▶ [Your instructions]:
What is needed here is an exact printout of the data, with no pictures included.

▶ [Supplied information]:
◆ ◆ ◆ ◆ ◆ ◆ ◆

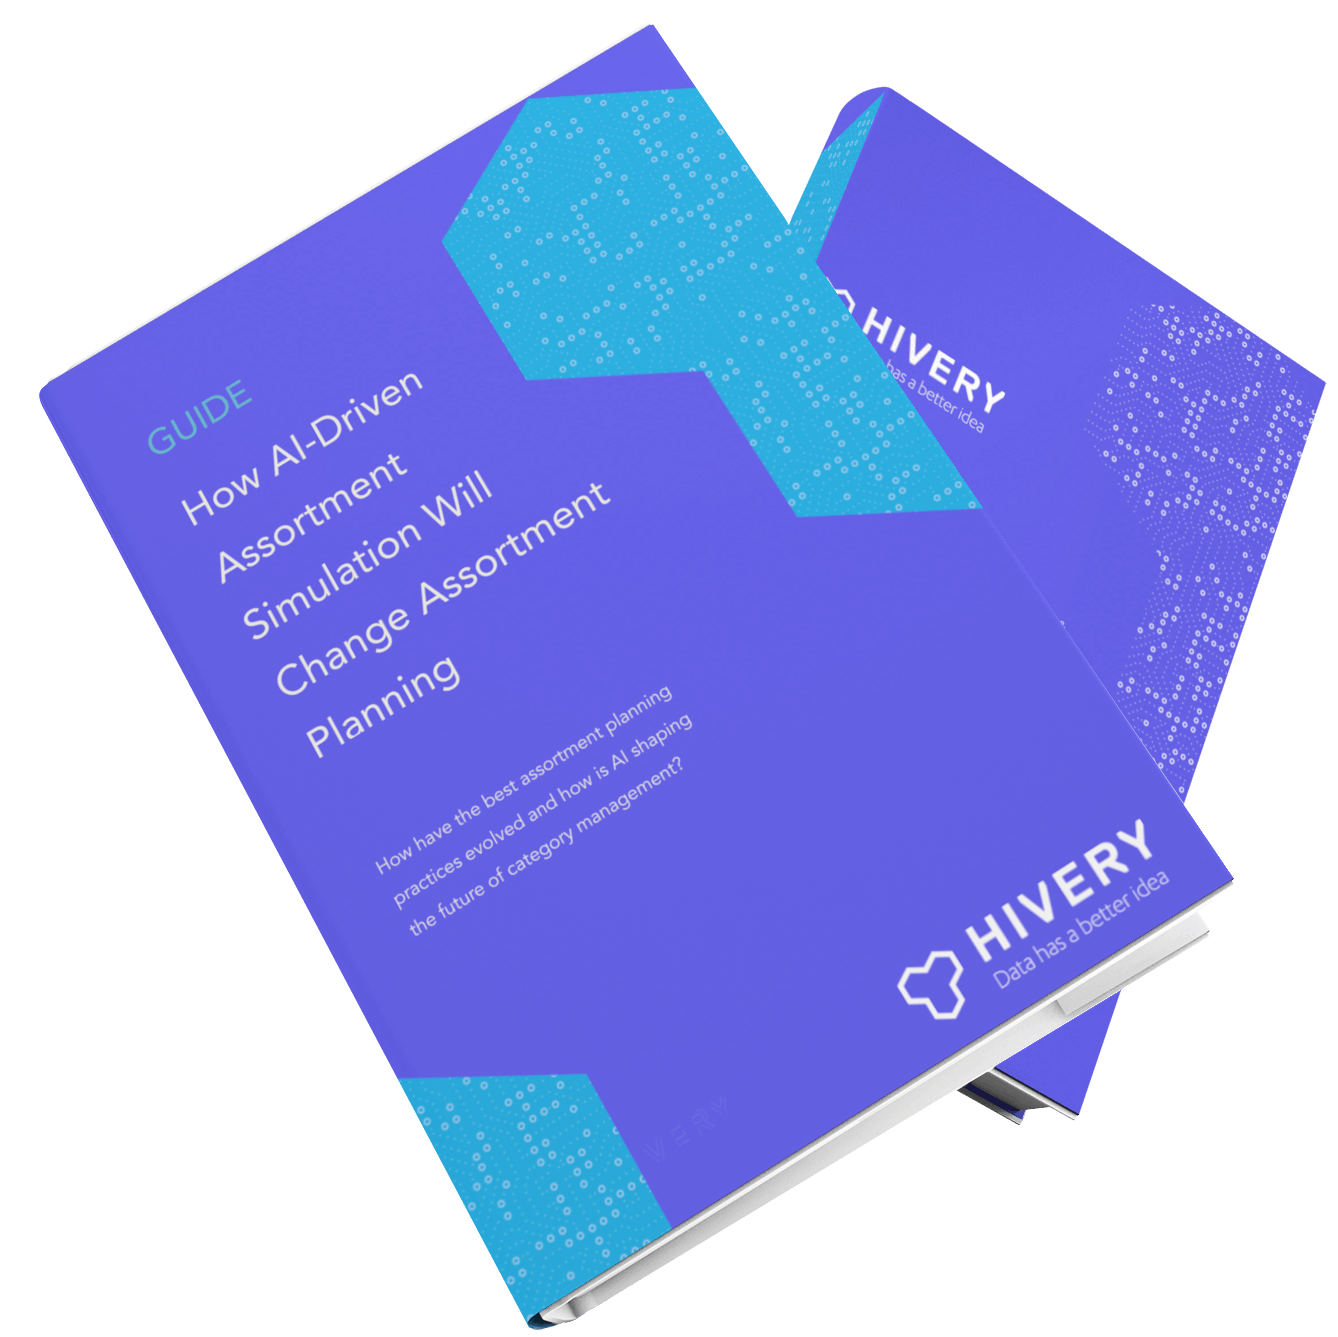 Guide: How AI-Driven Assortment Simulation Will Change Assortment Planning
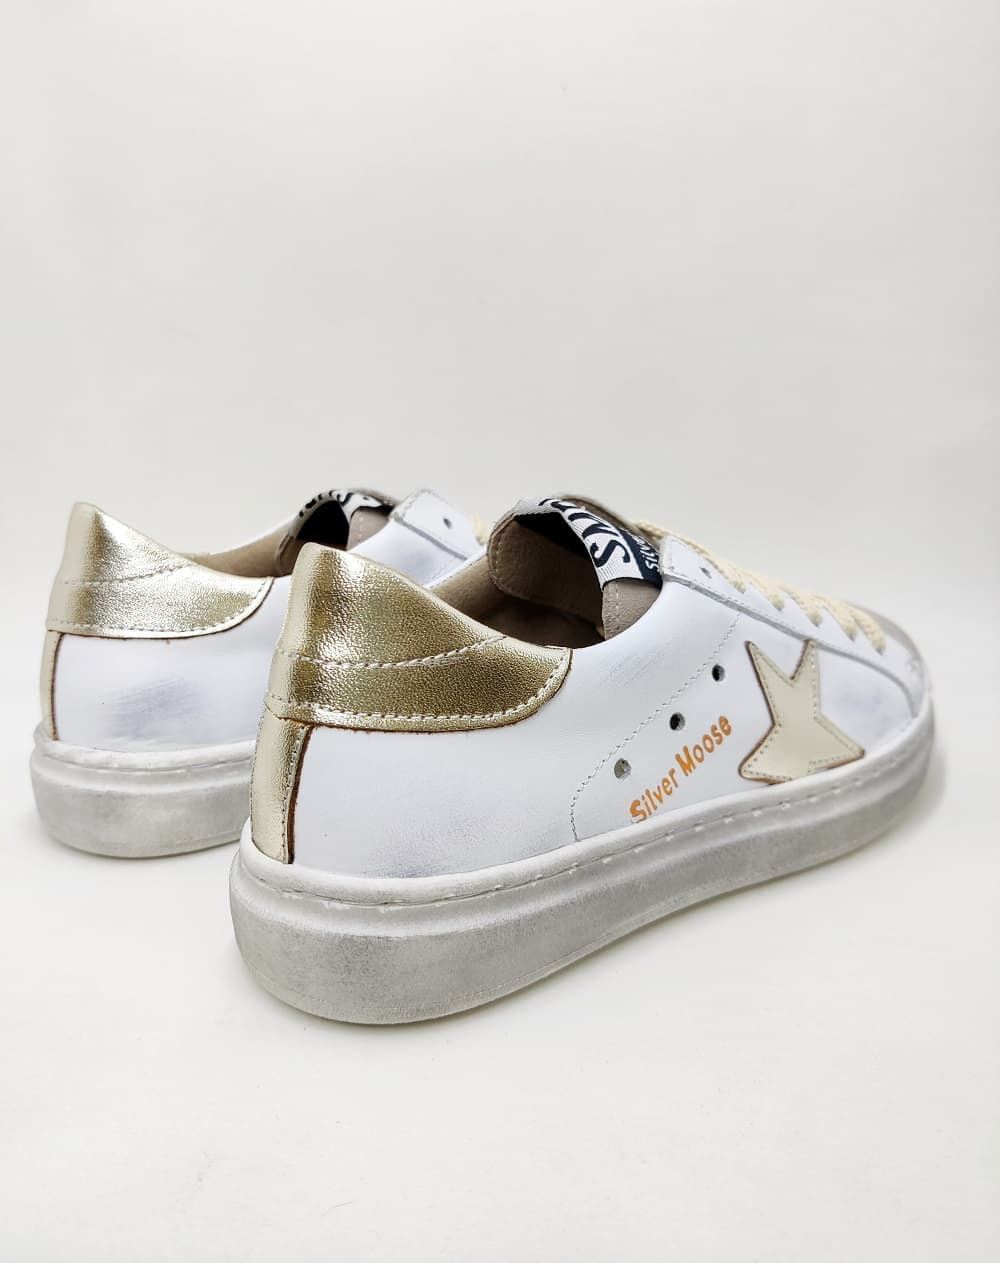 Golden Star sneakers in White/Gold leather - Image 3
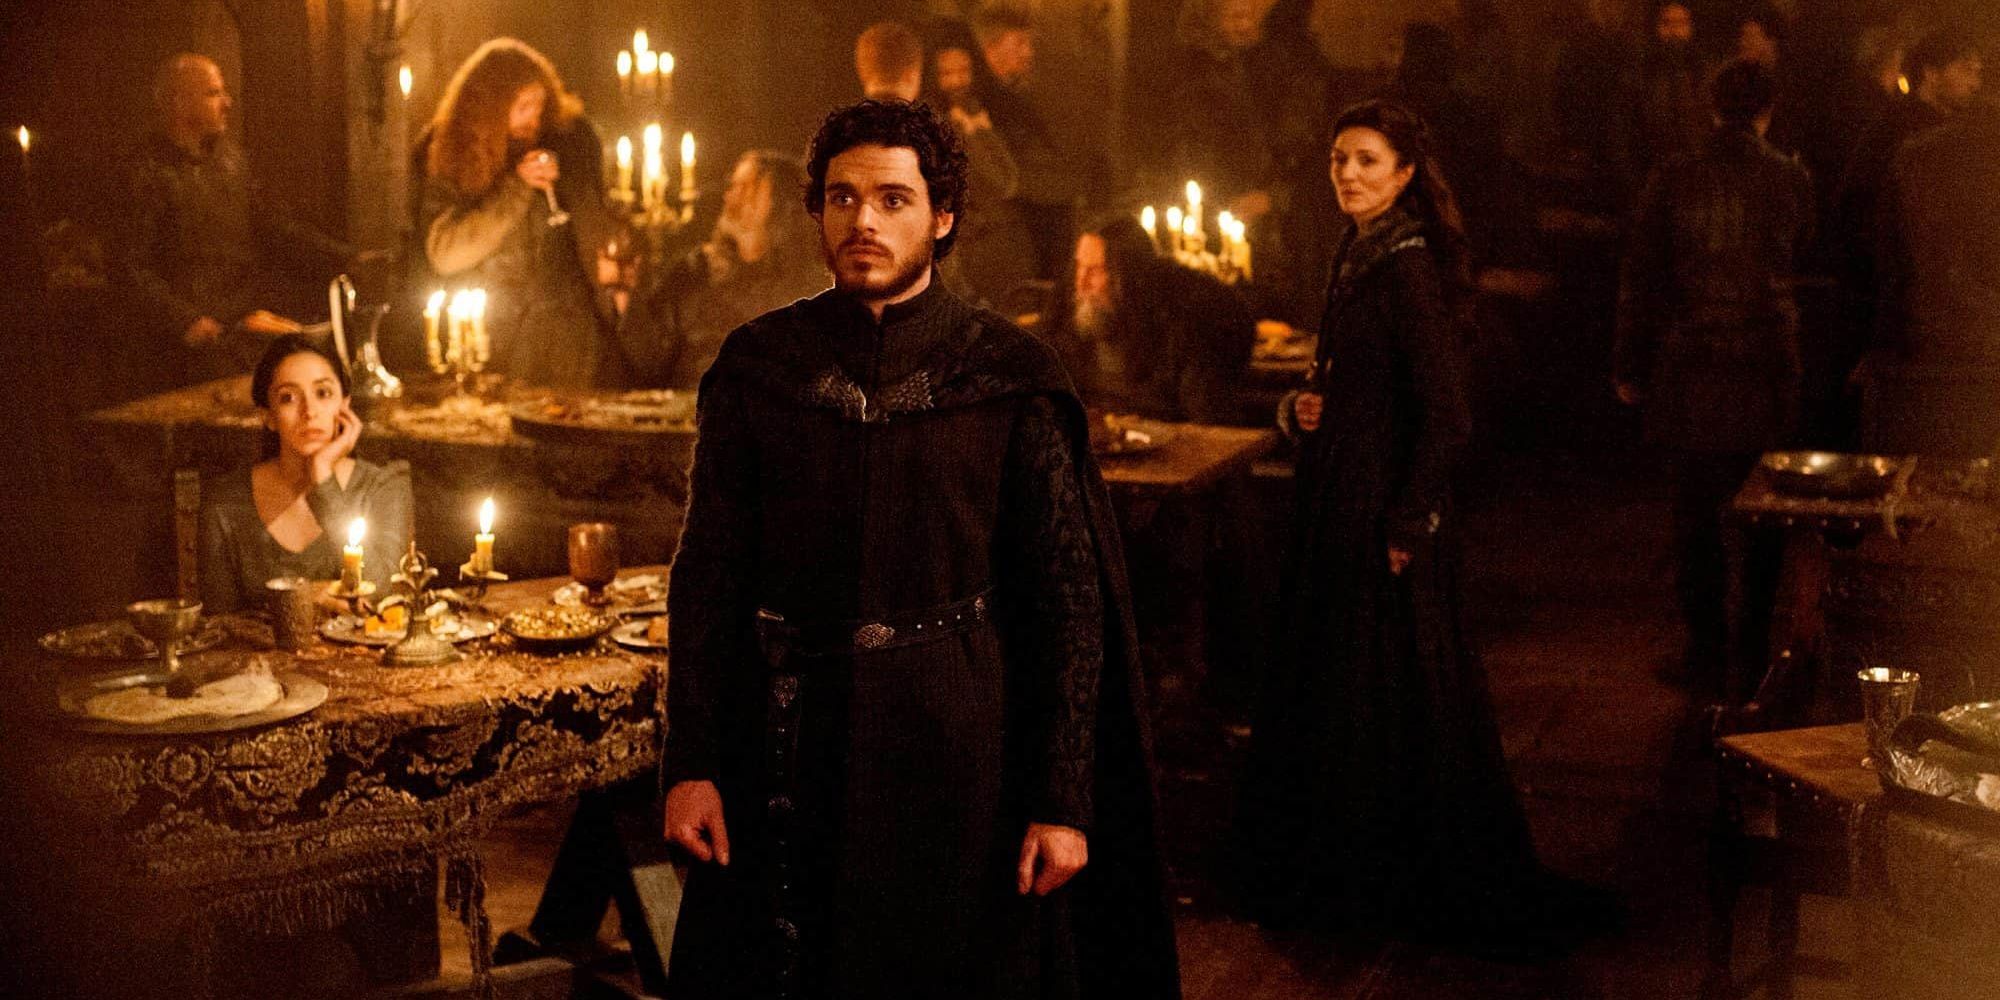 Robb Stark in the Red Wedding 1

◆ ◆ ◆ ◆ ◆ ◆ ◆

▶ [Solution for this exercise]:
 Guide: How AI-Driven Assortment Simulation Will Change Assortment Planning
 Golden Star sneakers in White/Gold leather - Image 3
 Robb Stark in the Red Wedding 1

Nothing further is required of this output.